To analyze the importance of sampling depth on eDNA vertebrate community composition, we conducted a PERMANOVA test using the vegan (version 2.5-6) package in R. The PERMANOVA was run using Bray-Curtis dissimilarity and the model eDNA_Index ~ Depth + Day + Replicate. We also ran a multivariate homogeneity of group dispersions test using the betadisper function and Bray-Curtis dissimilarity using vegan. We then ran a Mantel Test and non-metric multi-dimensional scaling (NMDS) using vegan on Bray-Curtis dissimilarities to assess community composition differences across the depth gradient. We further analyzed vertical depth community composition by generating a gradient forest model using the gradientForest package (version 0.1-17) using 500 runs. The environmental variables in the vertical depth gradient forest model included sampling depth, sampling day, and replicate. We then extracted the taxa with the highest model performances and plotted their eDNA index values across depth. Using the broken stick method, we defined highest model performance as  ≥ 0.35 R2 importance, as there was a steep drop-off in R2 importance after 0.35.

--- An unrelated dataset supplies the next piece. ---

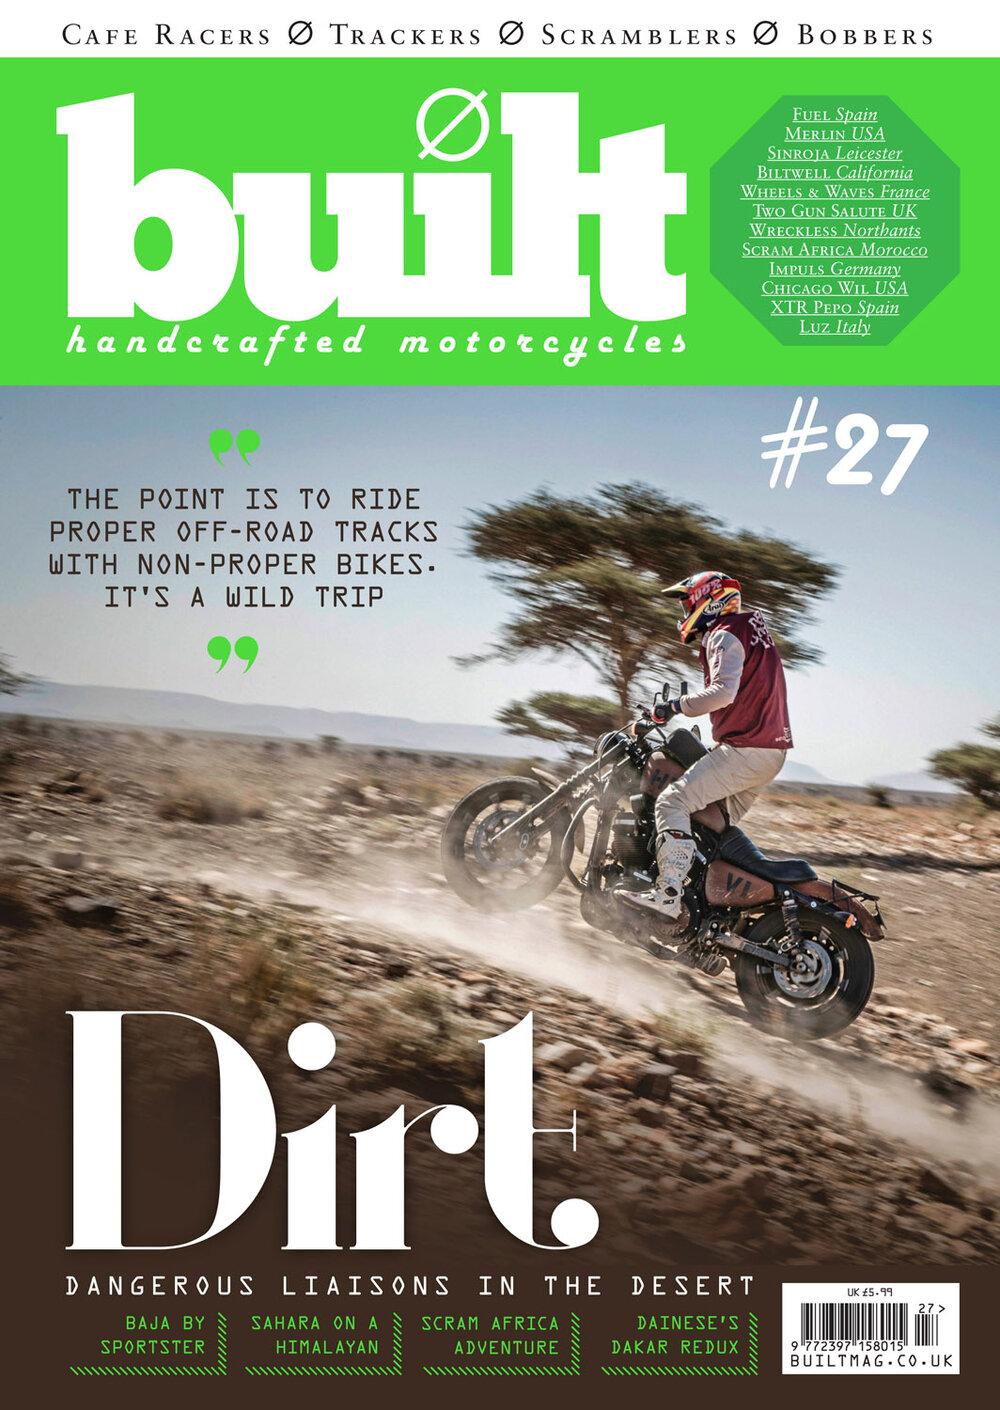 Built Magazine - Handcrafted Custom Motorcycles - MAGAZINE

To analyze differences between the kelp forest and surf zone, we ran Welch t-tests, PERMANOVA and betadisper tests, only including samples taken at 1 m depths from nearshore and surf zone habitats. We used the Bray-Curtis dissimilarity for both tests and the model eDNA_Index ~ Habitat (nearshore vs. surf zone) + Depth + Day + Replicate for the PERMANOVA. We also ran an additional gradient forest model with the environmental variables sampling depth, nearshore vs. surf zone, sampling day, and replicate for eDNA index scores from all stations. We then extracted the top performing taxa and plotted their eDNA index distributions, defining highest model performance as ≥ 0.40 R2 importance using the broken stick method, as there was a steep drop-off in R2 importance after 0.40. Because of the additional nearshore vs. surf zone variable, the R2 importance values were higher in this model, resulting in a different threshold R2 value than the one in the depth gradient forest model.

To test whether vertical and horizontal variation in eDNA signatures were consistent over time, we compared species richness across sampling days in an ANOVA framework, looking at both total community diversity as well as the eDNA index abundances. The linear models used for the eDNA index ANOVA tests were eDNA_Index ~ Station + Day + Station:Day.